Ich wollte heut mal wieder DoW II spielen und kann mich aber nicht bei GfW anmelden. Meine LIVE-ID und das Passwort stimmen, daß hab ich beim LIVE-Messenger und Hormail ausprobiert. Ich bekommen bei der Anmeldung folgende Meldung: 

*Anmeldefehler: Anmeldung nicht möglich. Die von Ihnen eingegebene Windows LIVE ID oder das Passwort ist ungültig. Geben Sie Ihre Informationen ein und melden Sie sich erneut an.   Fehlercode: 80048820*


Ich habe in DoW noch nen Screenshot zur Netzwerkinformation gemacht. Vielleicht hilft das weiter. Für zahlreiche Antworten bedanke ich mich im vorraus!


----------



## Der Maniac (26. Juni 2009)

Games for Windows kann keine Verbindung nach draußen aufbauen... Schonmal in den Firewalleinstellungen geguckt ob da alles stimmt? Kann sein das das blockiert wird...


----------



## non_believer (26. Juni 2009)

Danke für die schnelle Antwort! 

Ich hab mich noch bissl beim GfW Support schlau gemacht und gesehen das es einen extra Port für das Sign in gibt. Hab den Port freigegeben und siehe da: es geht! 
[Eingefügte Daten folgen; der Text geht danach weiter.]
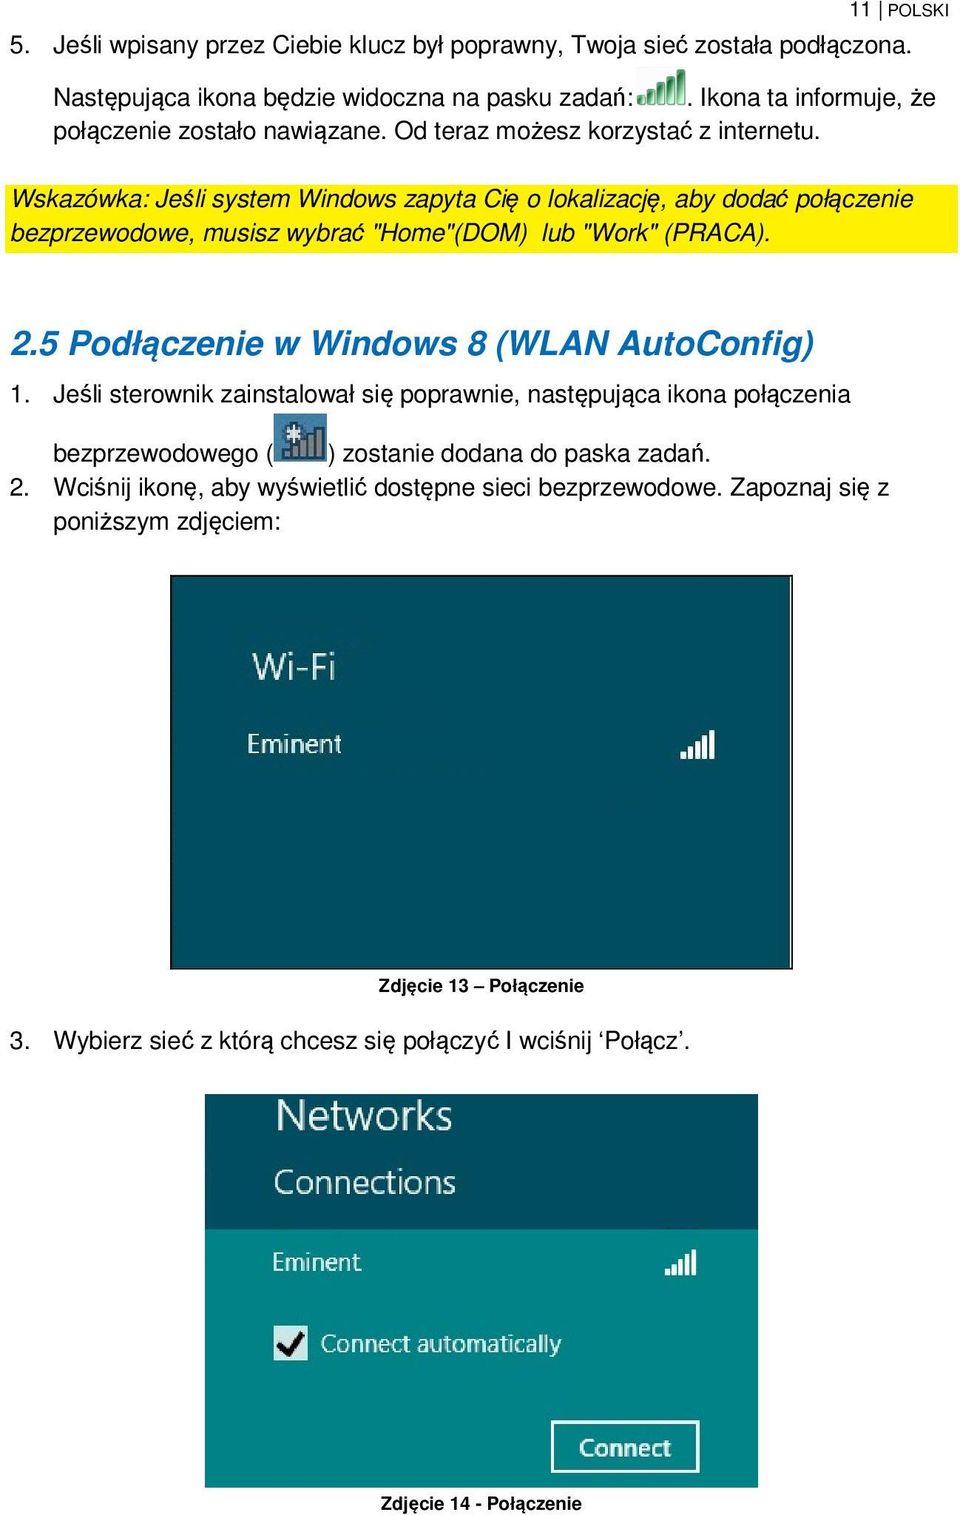 Wskazówka: Jeśli system Windows zapyta Cię o lokalizację, aby dodać połączenie bezprzewodowe, musisz wybrać "Home"(DOM) lub "Work" (PRACA). 2.5 Podłączenie w Windows 8 (WLAN AutoConfig) 1.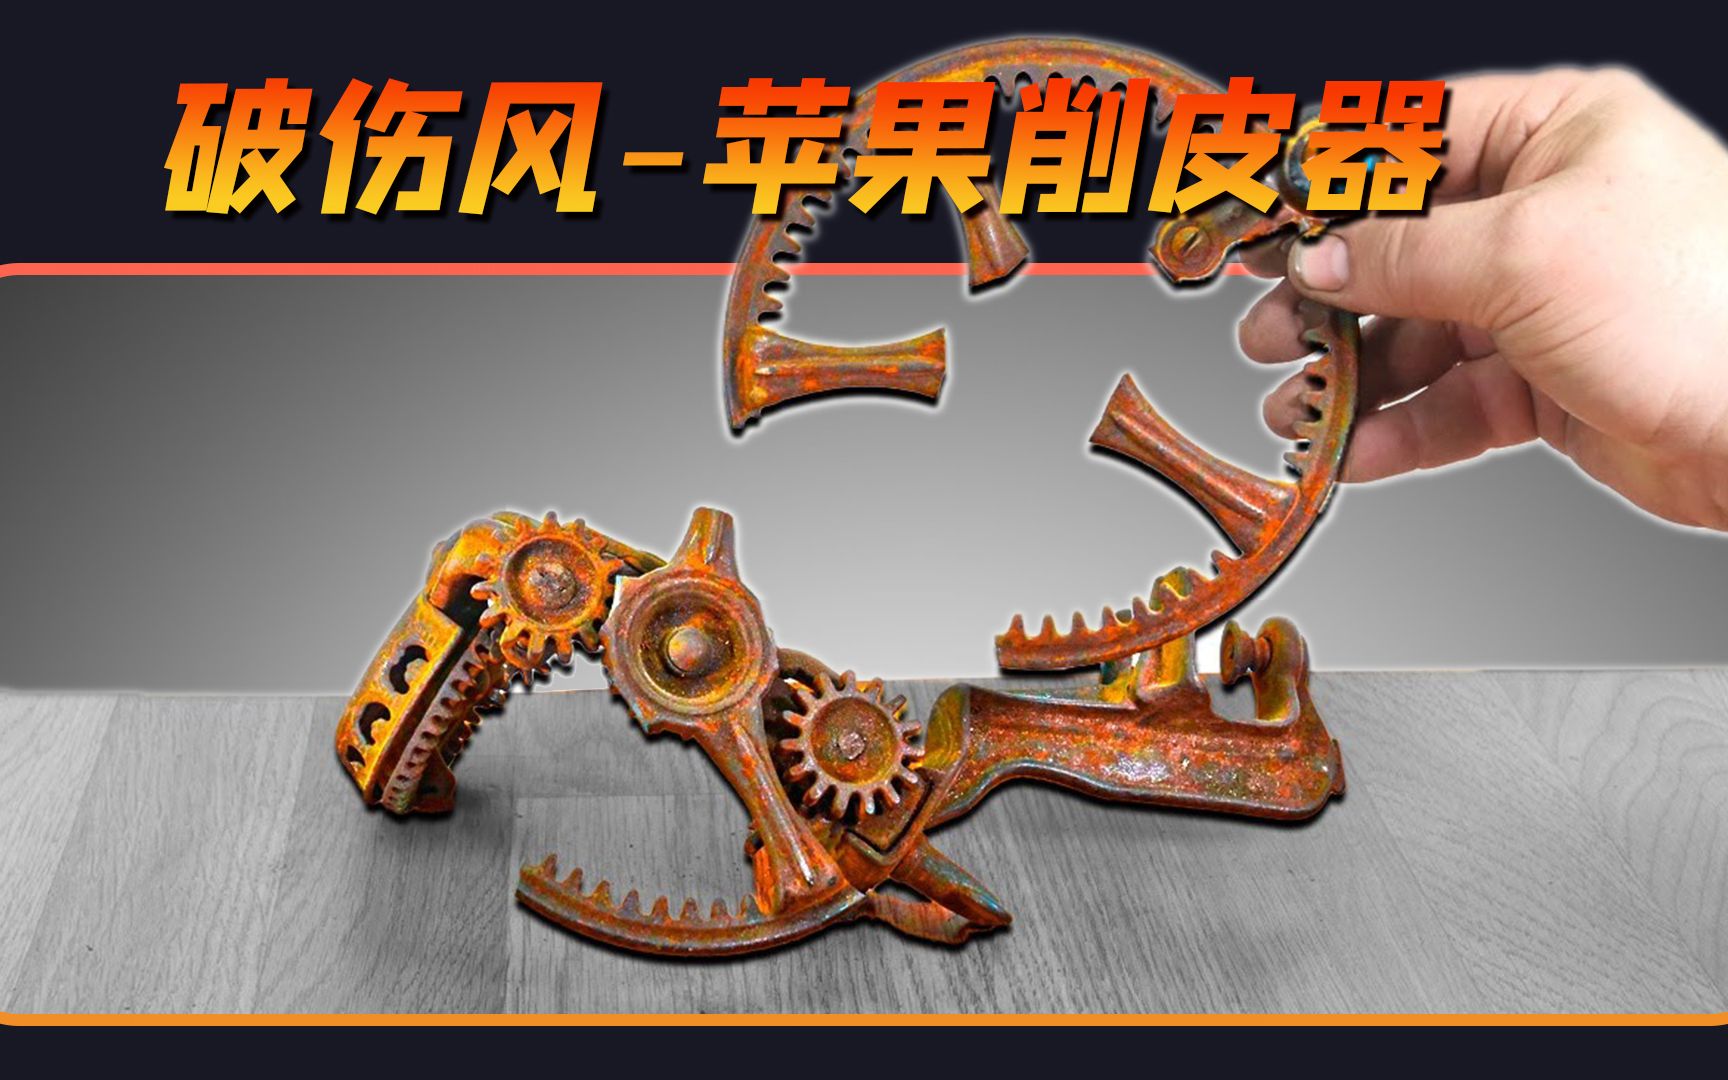 北京汽车发布会开场节目破铜烂铁表演 - 哔哩哔哩

Ich hatte noch nen anderen Lösungsansatz gefunden, aber wenn das jetzt alles so geht bin ich zufrieden.


----------



## Der Maniac (26. Juni 2009)

Ok!


----------



## yello7676 (19. Juli 2009)

welcher port war es den??


----------



## Standeck (13. Juni 2011)

Hey ich muss diesen Uralt Thread noch mal aufwärmen. Ich hab das gleiche verdammte Problem. Hab schon viel versucht, geht aber einfach nicht. Hab in OFP: Red River dieses Problem. Dummerweise wird der Patch nur über Gfwl veröffentlicht. Ich find das ne Verarsche. Ich kann mich ums verrecken nicht anmelden. Vom Desktop aus geht der Login, nur vom Spiel aus will es nicht. Was soll ich tun?


----------